Cela se confirme aussi dans la bande-son. Même si celle-ci reste trop discrète, le thème original renvoie à la rythmique des compositions de Hans Zimmer. À ce stade, il est difficile de distinguer l’aspect ultra-référentiel du pillage éhonté. Pour enfoncer le clou, le dénouement tente de complexifier inutilement l’intrigue par un dernier retournement de situation. Cette ultime révélation a beau être plausible, elle n’en demeure pas moins un épilogue poussif qui ne s’embarrasse guère d’explications fouillées. Bien amenées, celles-ci auraient pu offrir une seconde lecture appréciable.
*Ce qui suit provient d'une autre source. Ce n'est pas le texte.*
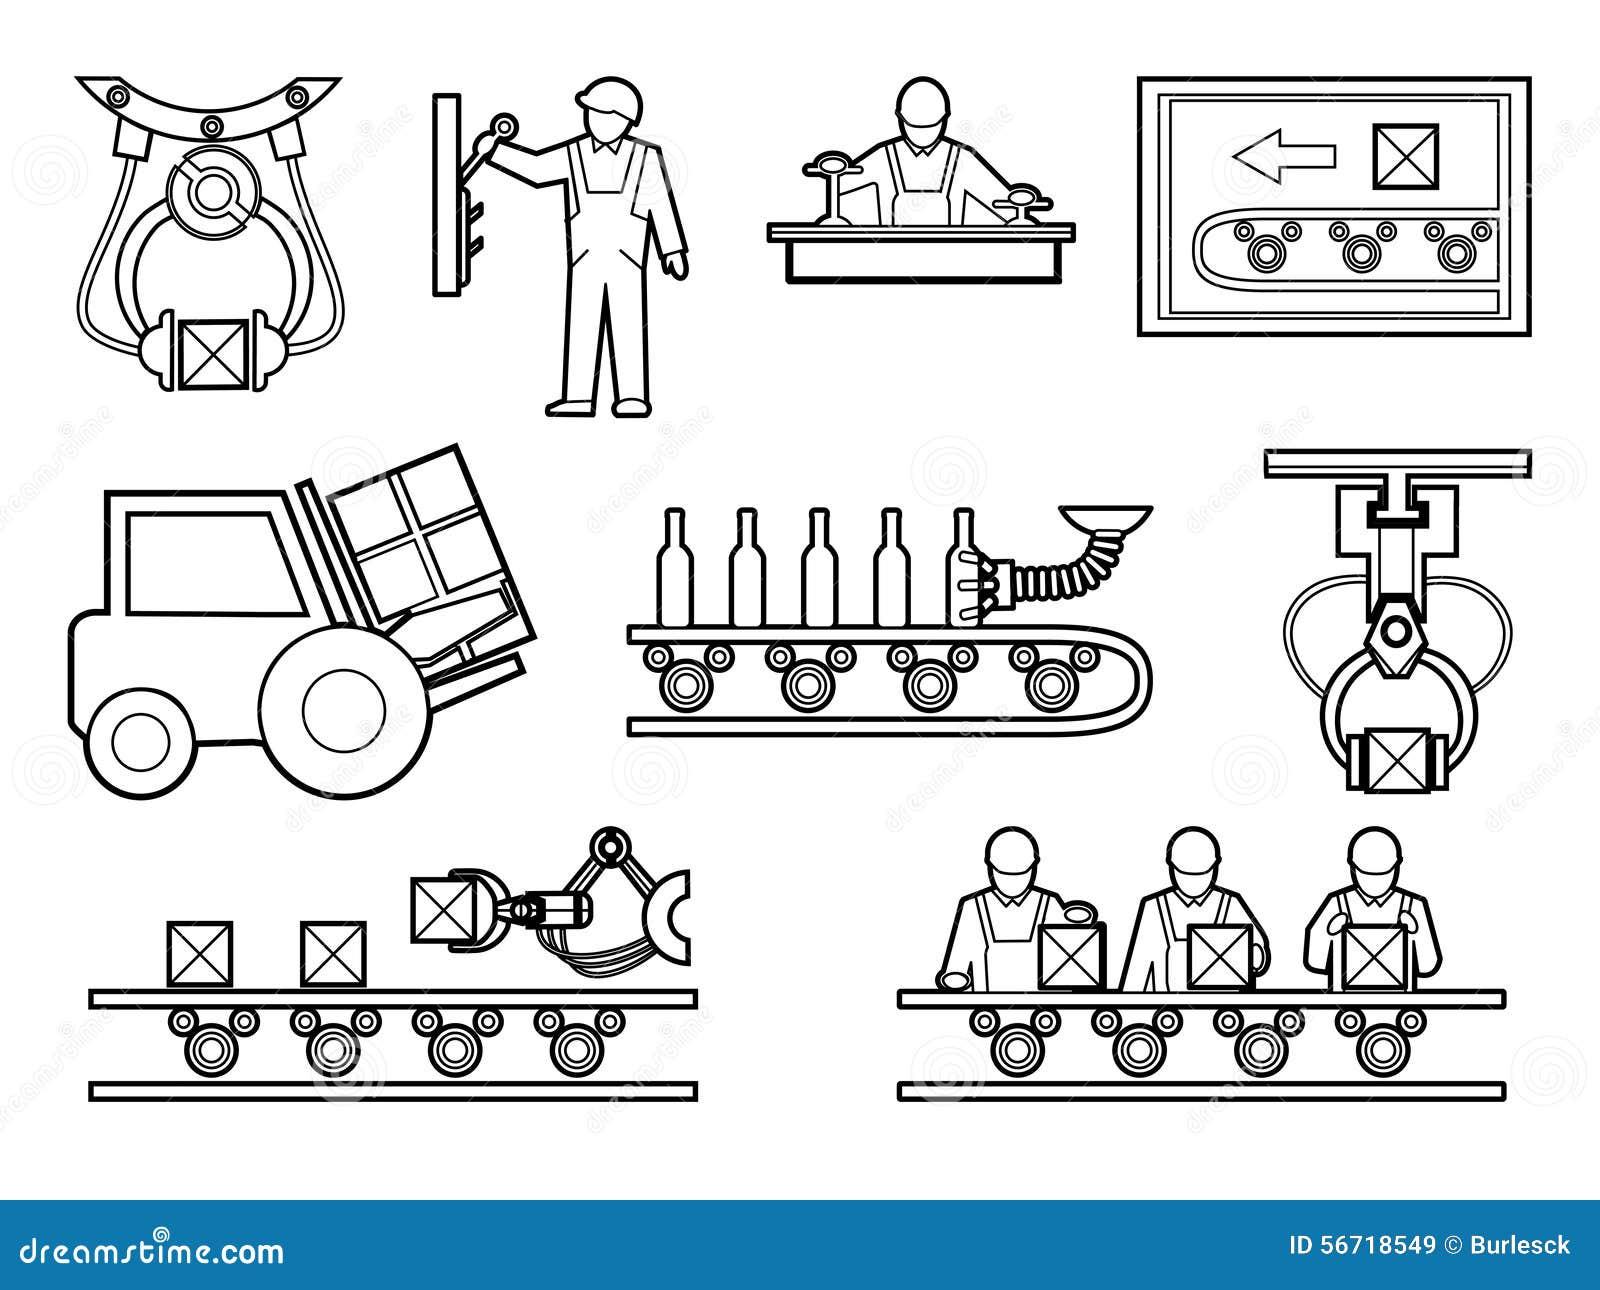 ic u00f4nes industriel et de processus de fabrication r u00e9gl u00e9es dedans illustration de vecteur

Il en ressort une pâle confrontation qui se contente d’évoquer une scène culte de Voyage au bout de l’enfer.

Au final, Le Mystère des balles fantômes aurait pu s’avancer comme une incursion singulière et distrayante dans le domaine du policier historique. Dans sa majeure partie, l’intrigue reste plaisante à suivre et bien construite. Les personnages sont bien campés et la période est retranscrite avec soin. Toutefois, le film de Chi-Leung Law ne parvient à aucun moment à se départir de ses références, quitte à lorgner dangereusement vers le plagiat. Cela ne tient pas forcément à la présence d’un enquêteur aux capacités de déduction dignes de Sherlock Holmes, mais plutôt à une mise en scène sans imagination qui pille les idées de Guy Ritchie sans autre forme de procès. En dépit de certaines qualités, un métrage qui manque cruellement d’identité.